Last summer, as expected, Ottawa published a breakdown of “allocations” of those TRQs which upset Washington. In its last month in power, the Trump administration began the process of dispute settlement under USMCA Chapter 31 with a petition alleging violations of the market access concessions. Without getting into the lawyerly details of the complaint -- the petition and process are available on the U.S. Trade Representative website -- the conflict reflects the indignation of the US dairy industry that Canada would presume to protect dairy processors and their unionized workers.
The Parties are in formal “consultations” as the new Biden administration picks up where Trump left off. The Canadian position is that their TRQ allocations are in full compliance with the USMCA commitments; but the US maintains that Canada has violated the “spirit” of the deal by frustrating Big Dairy’s “expectations.” We agree with the Canadian position on the merits but, more than that, and in solidarity with Canadian dairy farmers and dairy workers, we urge the Biden administration to withdraw the complaint.
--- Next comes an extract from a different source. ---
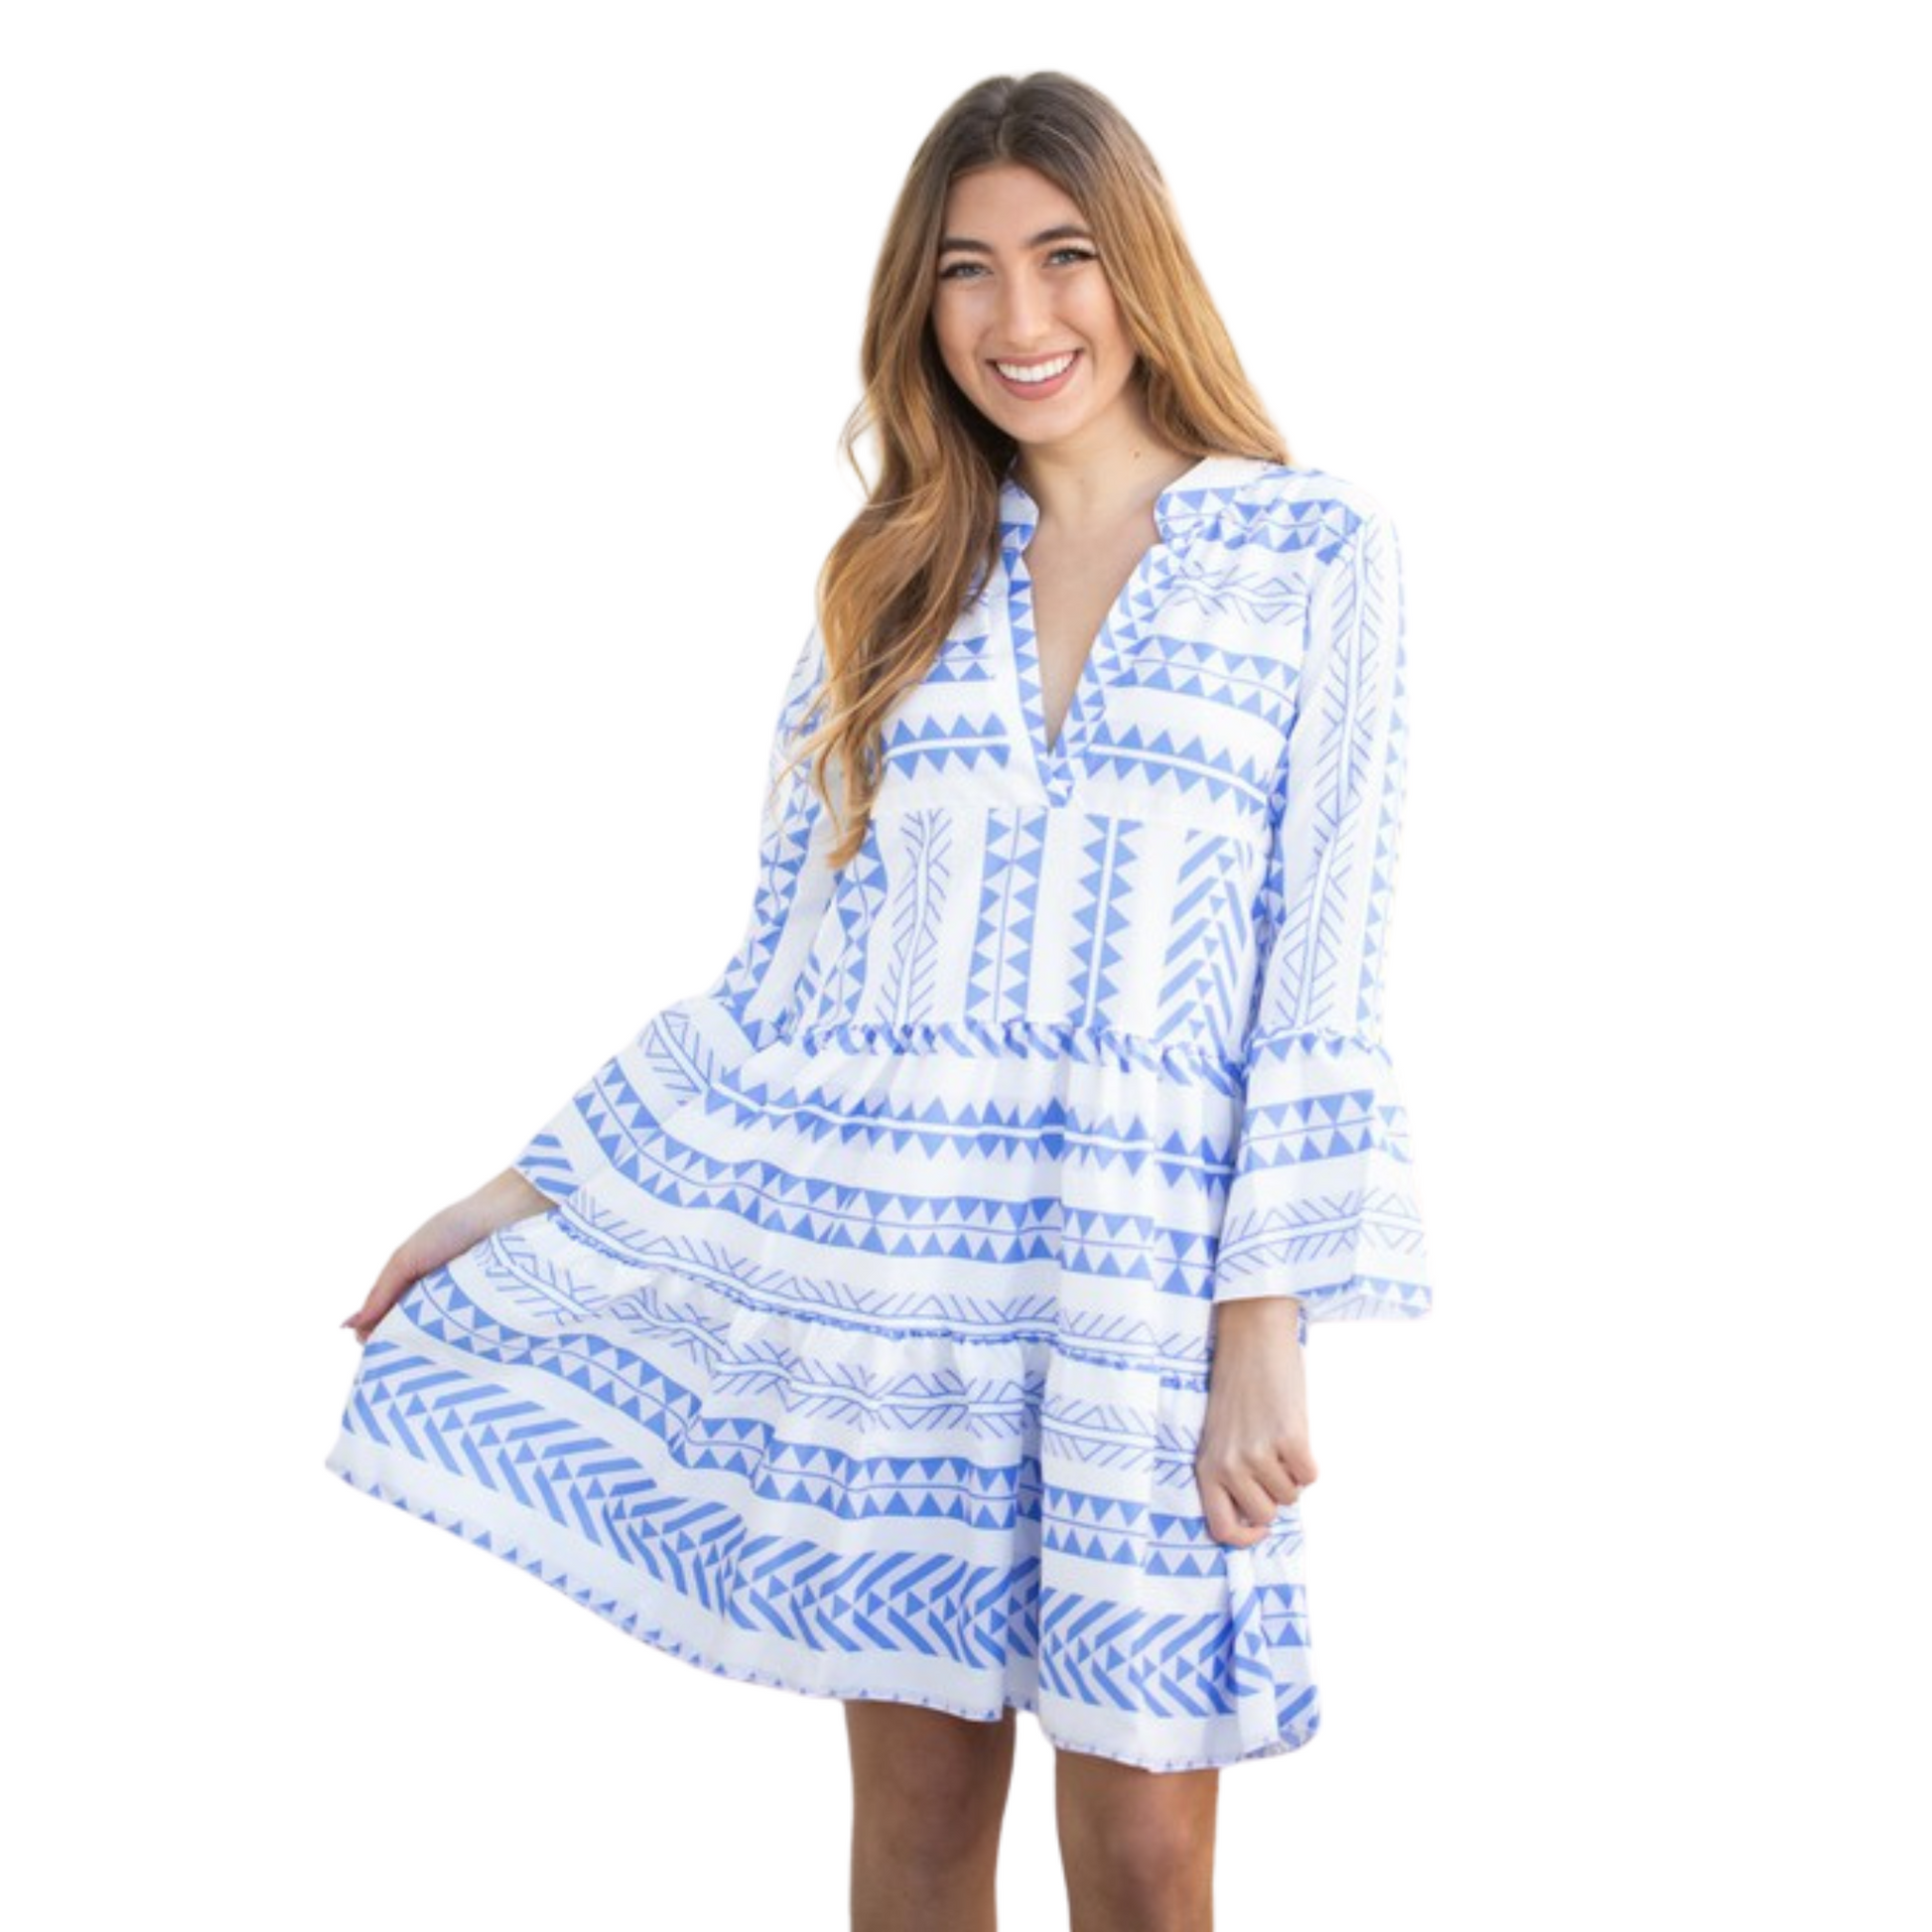 Show confidence and grace in this stylish tiered dress. The long sleeves provide arm coverage and the v neck flaunts the collarbone. The blue and white print adds a touch of subtle color, perfect for any occasion. An impeccable choice for fashion-forward ladies.
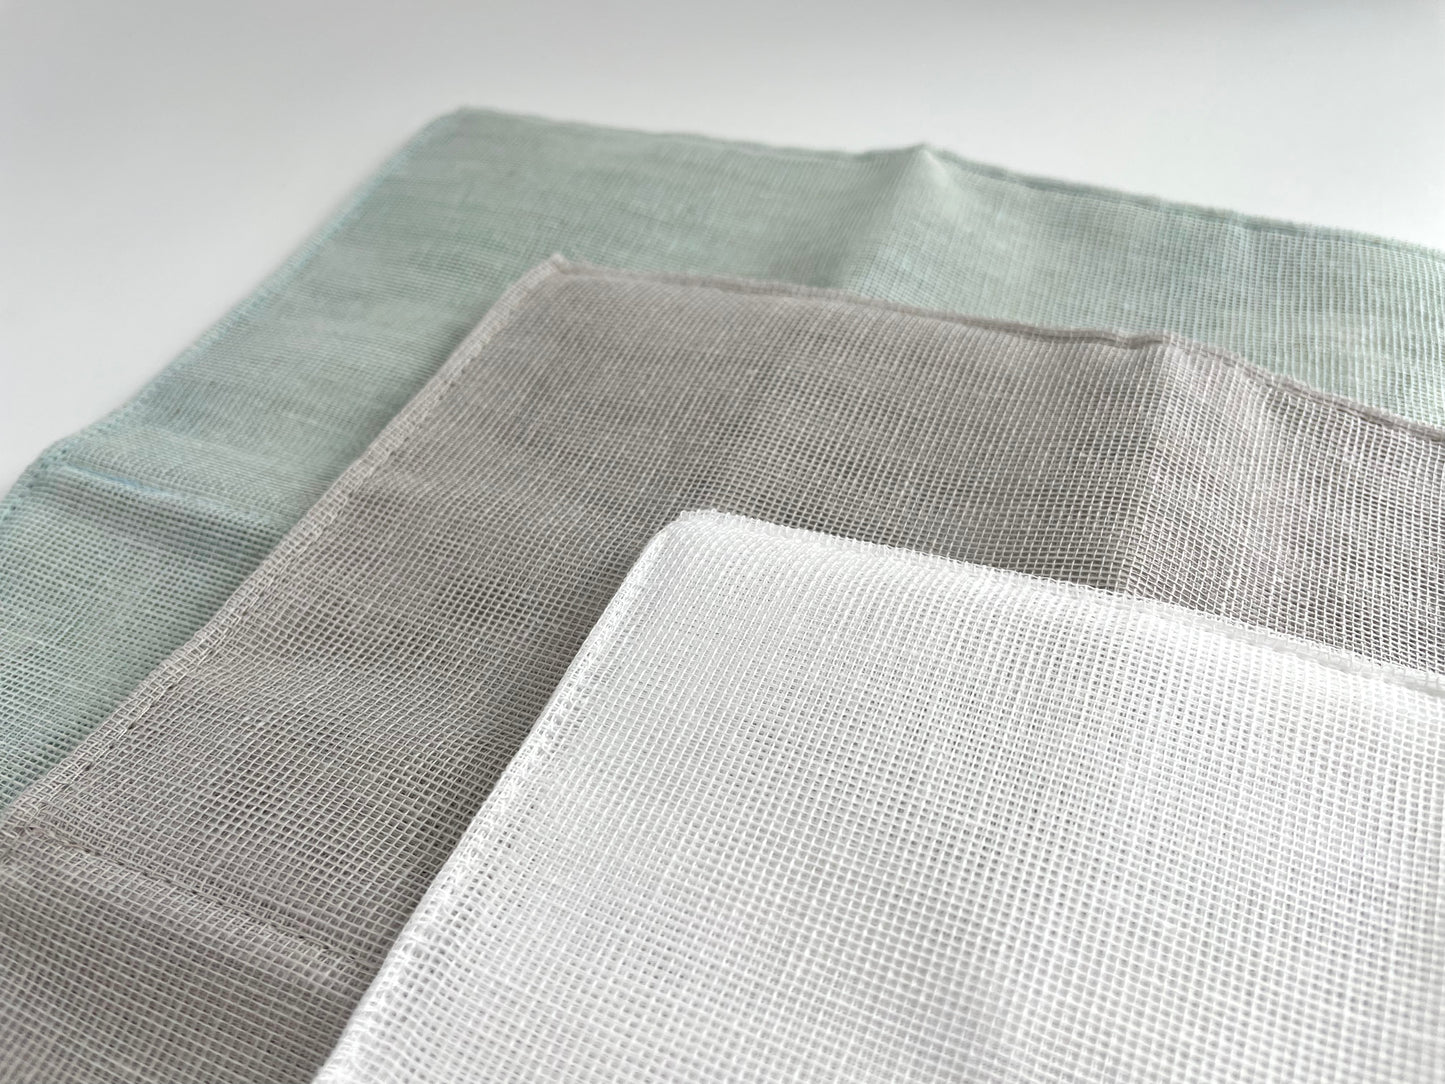 100 percent cotton mosquito net kaya Japanese kitchen cloth in grey, white, and celadon green

Rather than pursue the misguided enforcement petition of the previous administration, the new USTR, in consultation with USDA, should just drop it. Instead of trying yet again to undermine Canadian supply management, our new administration, together with Congressional leaders, should take a page from Ottawa’s popular playbook and work with us and our dairy farmer allies to design and implement dairy pricing reform and market management policies that protect small farmers, ensure fair prices, and support working families and thriving, supportive rural communities.